Les filles des quartiers affirment avoir été maintenues à l’écart du débat sur la parité, l’avoir vécu « comme les soldes chez Hermès »... Certaines d’entre elles ont décidé d’attirer l’attention des pouvoirs et opinion publics. A travers toute la France, une marche fait actuellement avancer la cause. Un tournant dans le combat féministe français ?


En juin 2000, le Secrétaire général des Nations unies, Koffi Annan, avait reconnu que si la violence à l’égard des femmes avait été rendue illégale presque partout depuis 1995 - date de la quatrième Conférence mondiale sur les femmes - elle avait pourtant, de fait, bel et bien augmenté. Selon la Banque mondiale par exemple, plus de 20 % des femmes dans le monde ont été victimes de violences physiques ou d’agressions sexuelles.

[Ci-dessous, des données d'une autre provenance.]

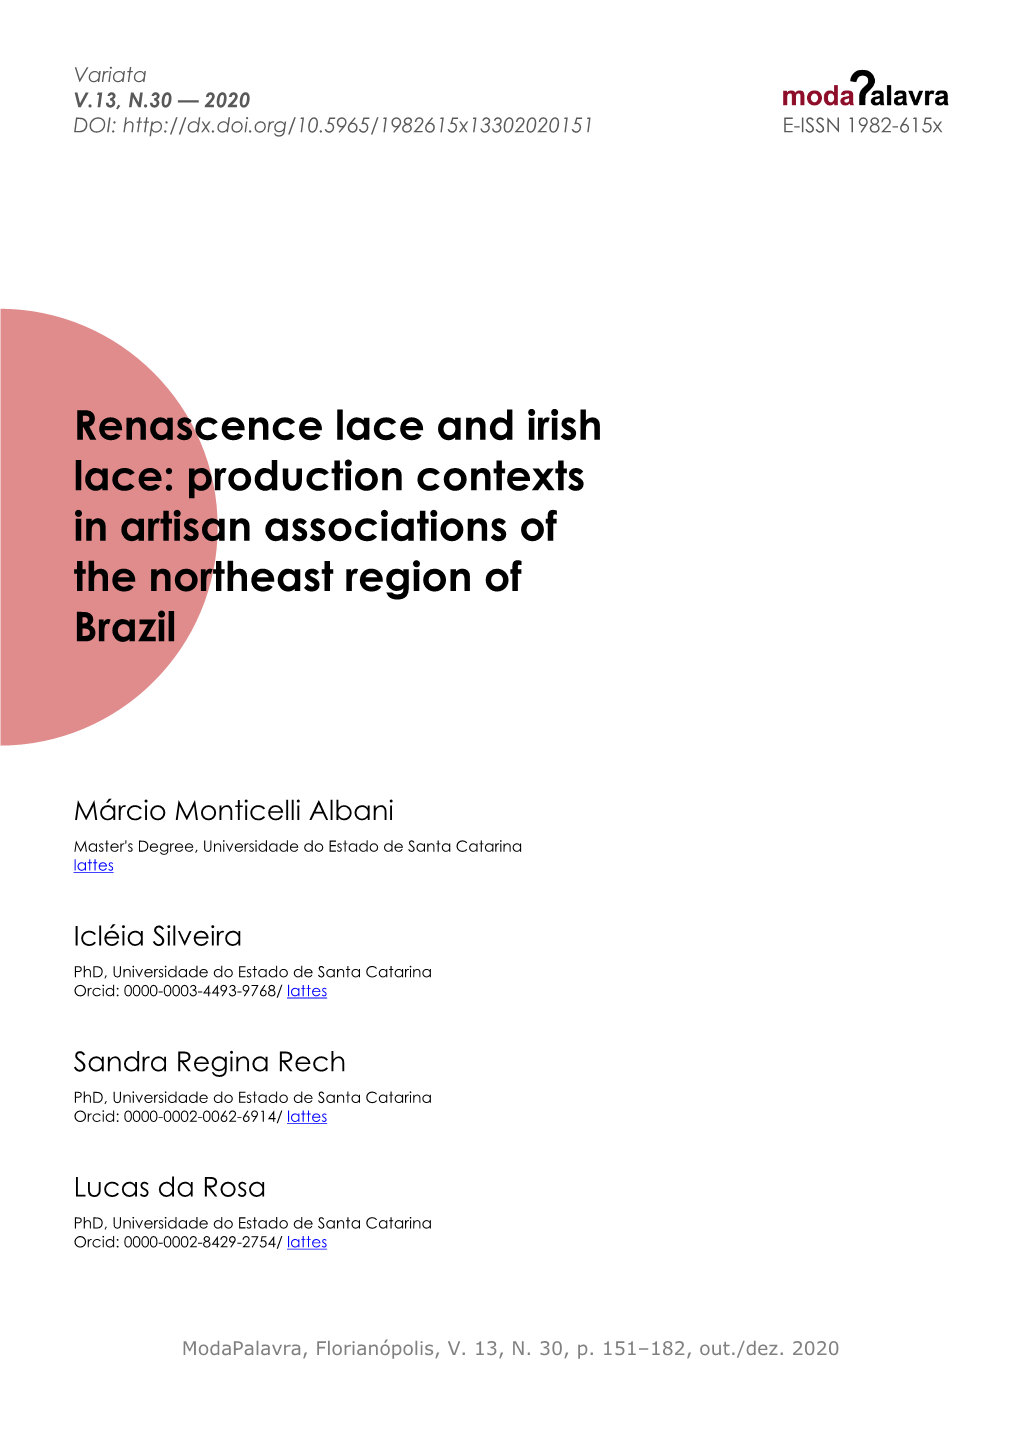 Renascence Lace and Irish Lace: Production Contexts in Artisan Associations of the Northeast Region of Brazil
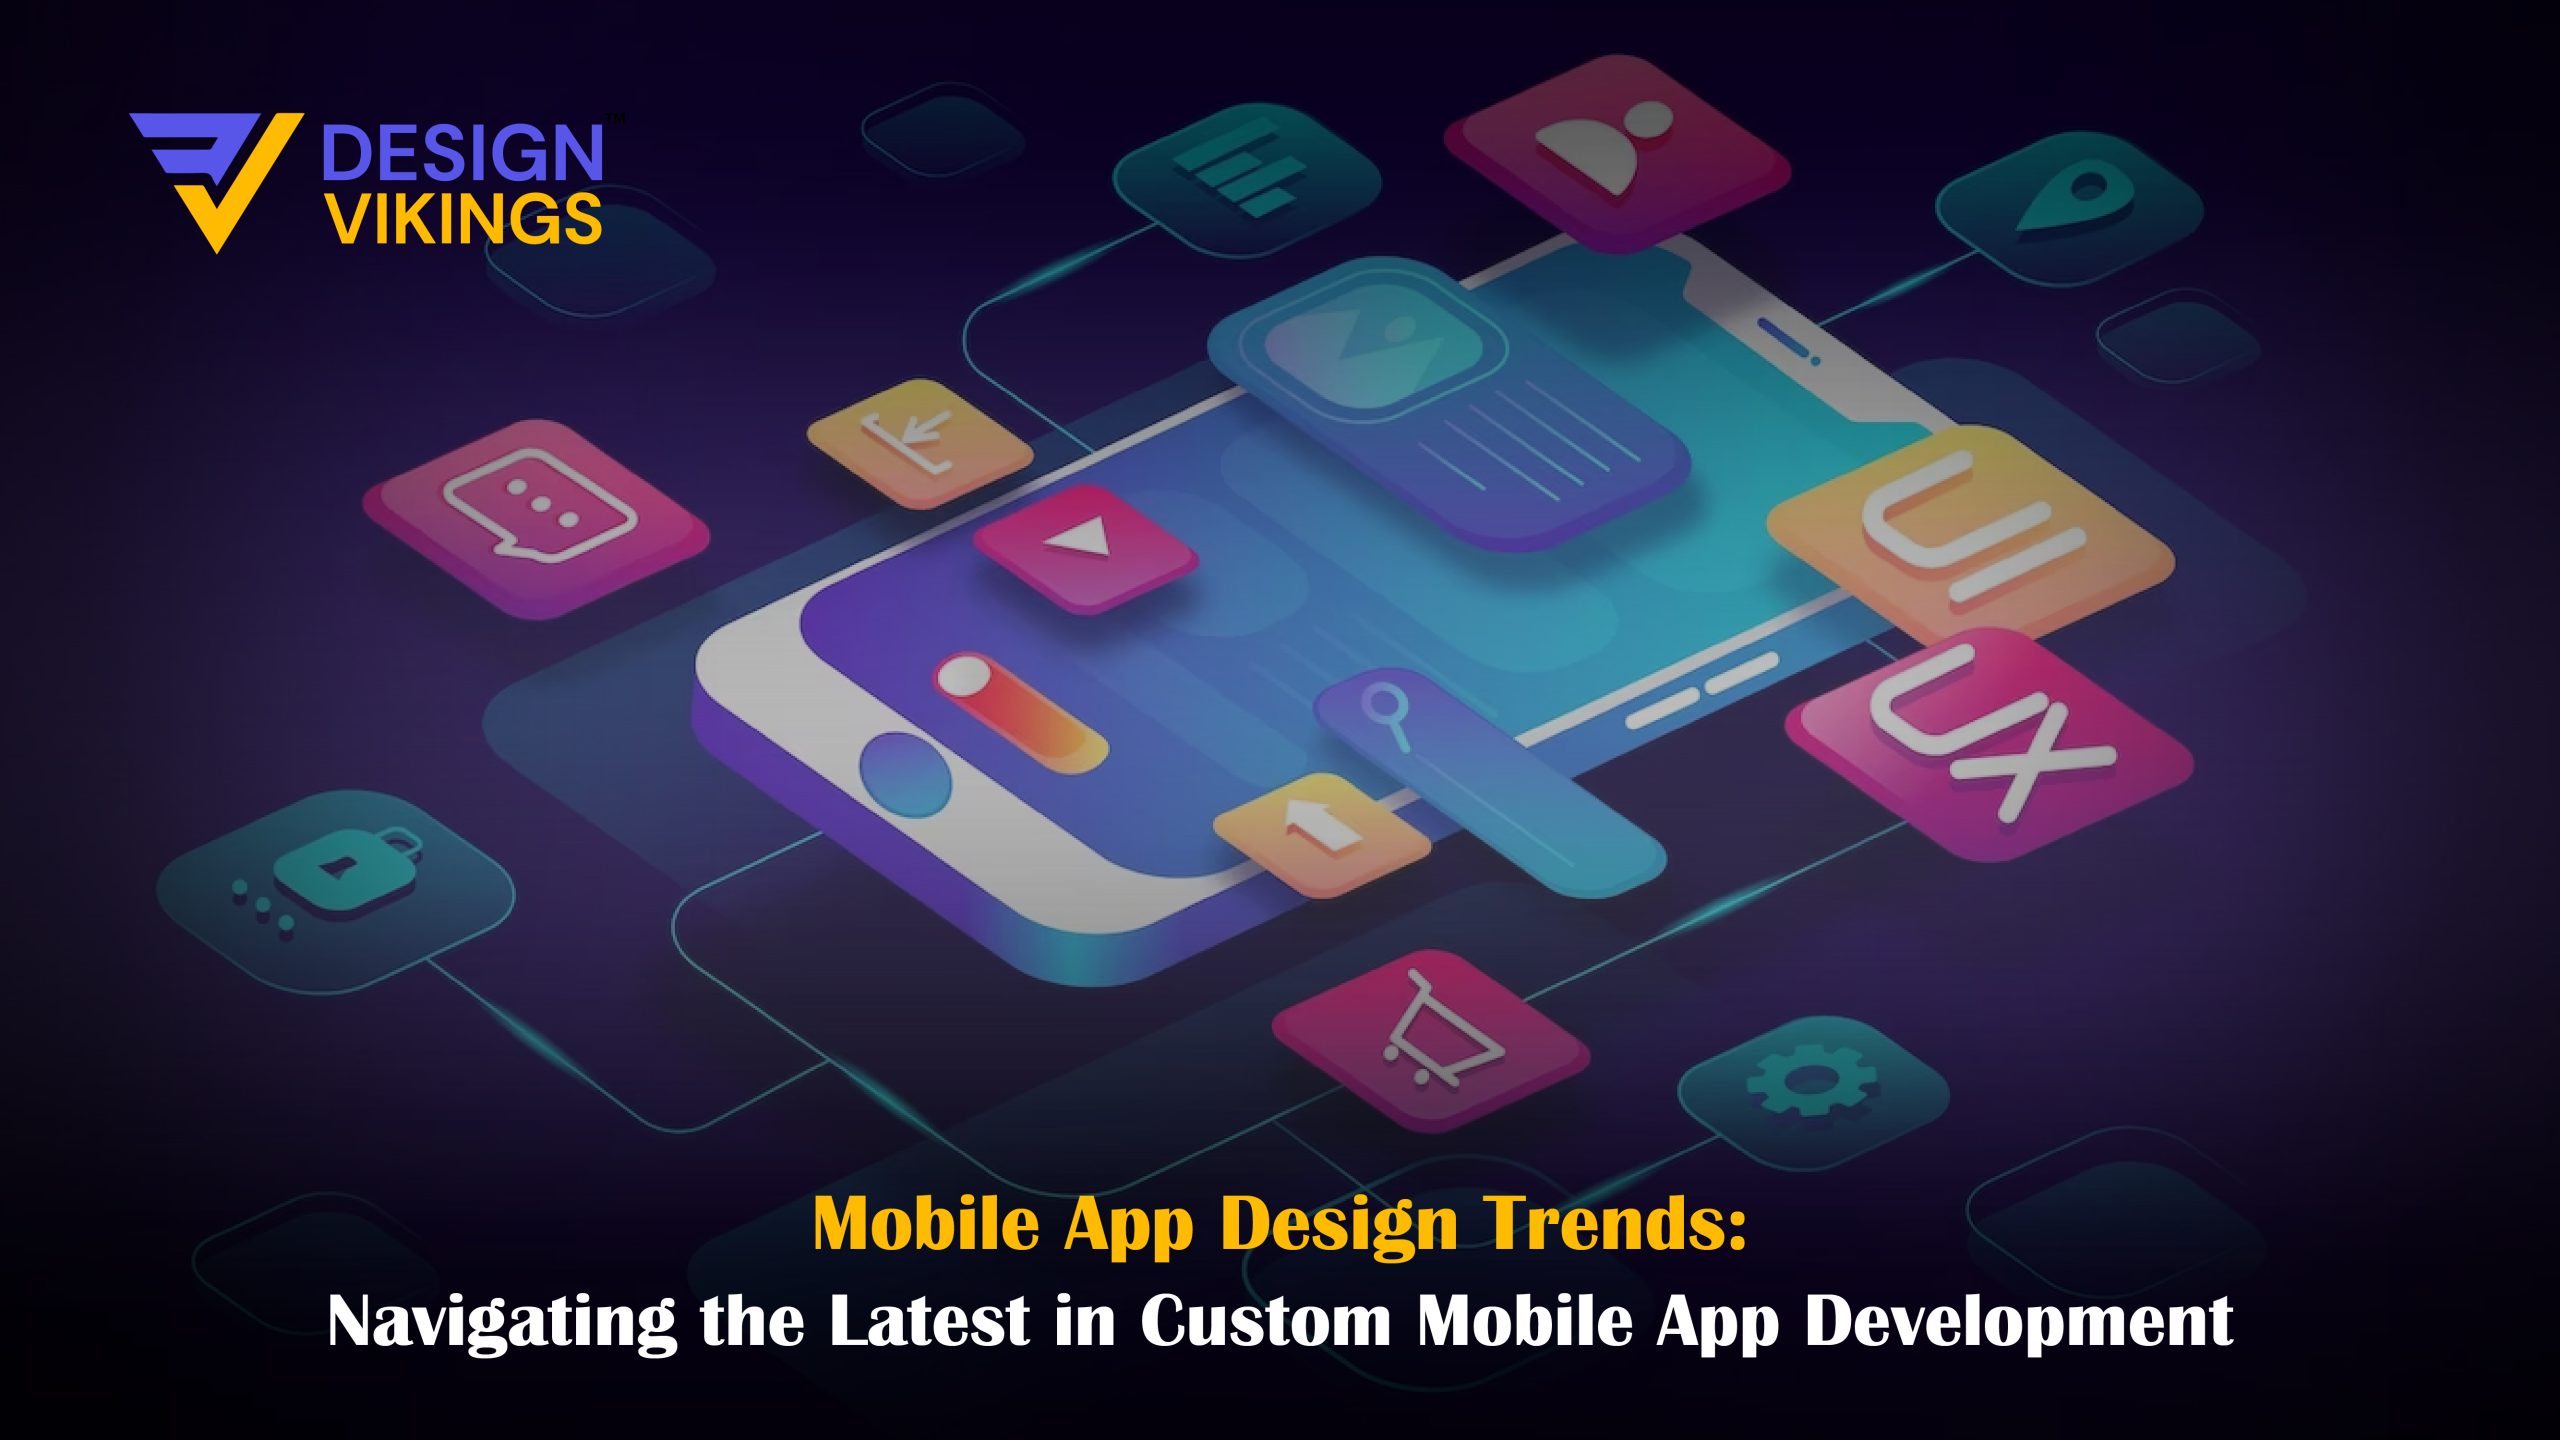 The top and latest mobile app design trends for custom apps.

Et en France ? « La friche économique et politique que sont « les cités » ou encore « les banlieues » a permis que se constituent des îlots où non seulement la révolution féministe n’a pas lieu, mais où se développe une sorte de fondamentalisme machiste », éditorialisait ces derniers jours Philippe Val dans Charlie Hebdo.

Dans le cadre d’États généraux préparés depuis deux ans, elles ont été 250 femmes à lancer, fin janvier 2002, à la Sorbonne à Paris, un appel intitulé Ni putes ni soumises. Les revendications portaient essentiellement sur ce que le sociologue Éric Debarbieux avait dénommé « l’oppression quotidienne » : certains « jeunes organisés en bandes mafieuses, intégristes de tous bords et extrême droite sont devenus des alliés objectifs sur la question des femmes », constatent ainsi amèrement les initiatrices de la marche dans le journal Pote à pote. Dans la foulée, l’oppression économique, les violences de tous ordres, les traditions culturelles archaïques, les interprétations abusives de textes religieux sont également dénoncées. Notant une grande différence entre les dernières générations, la sociologue Nacira Guérif, auteur du livre Des « beurettes » aux descendantes d’immigrants nord-africains, parle, par exemple, des mêmes discriminations à l’emploi que pour les garçons.

Le quotidien des femmes et des jeunes filles des quartiers reste trop souvent lié, estiment les marcheuses - qui parlent de « régression constante » de leurs conditions -, à des faits de sexisme et de violence subie (physique, sexuelle, morale, verbale...), de discrimination, de précarité (financière, sociale, professionnelle), sur fonds de poids des traditions et de la religion. La manière de vivre la sexualité est souvent problématique, cachée, non protégée, entraînant une image dégradée, parfois violente.

Les discriminations en débat

Organisatrice de la manifestation, la Fédération nationale des Maisons des Potes [1] entend bien concrétiser une dynamique collective : des commissions de femmes des quartiers ont été créées, de même que des comités départementaux de vigilance ; des questionnaires ont été lancés pour des doléances capitalisées dans un Livre Blanc des Femmes des Quartiers, présentant à la fois valeur de diagnostic et de témoignage ; des partenariats ont été établis avec les associations concernées (SOS Femmes battues, Planning familial, etc.).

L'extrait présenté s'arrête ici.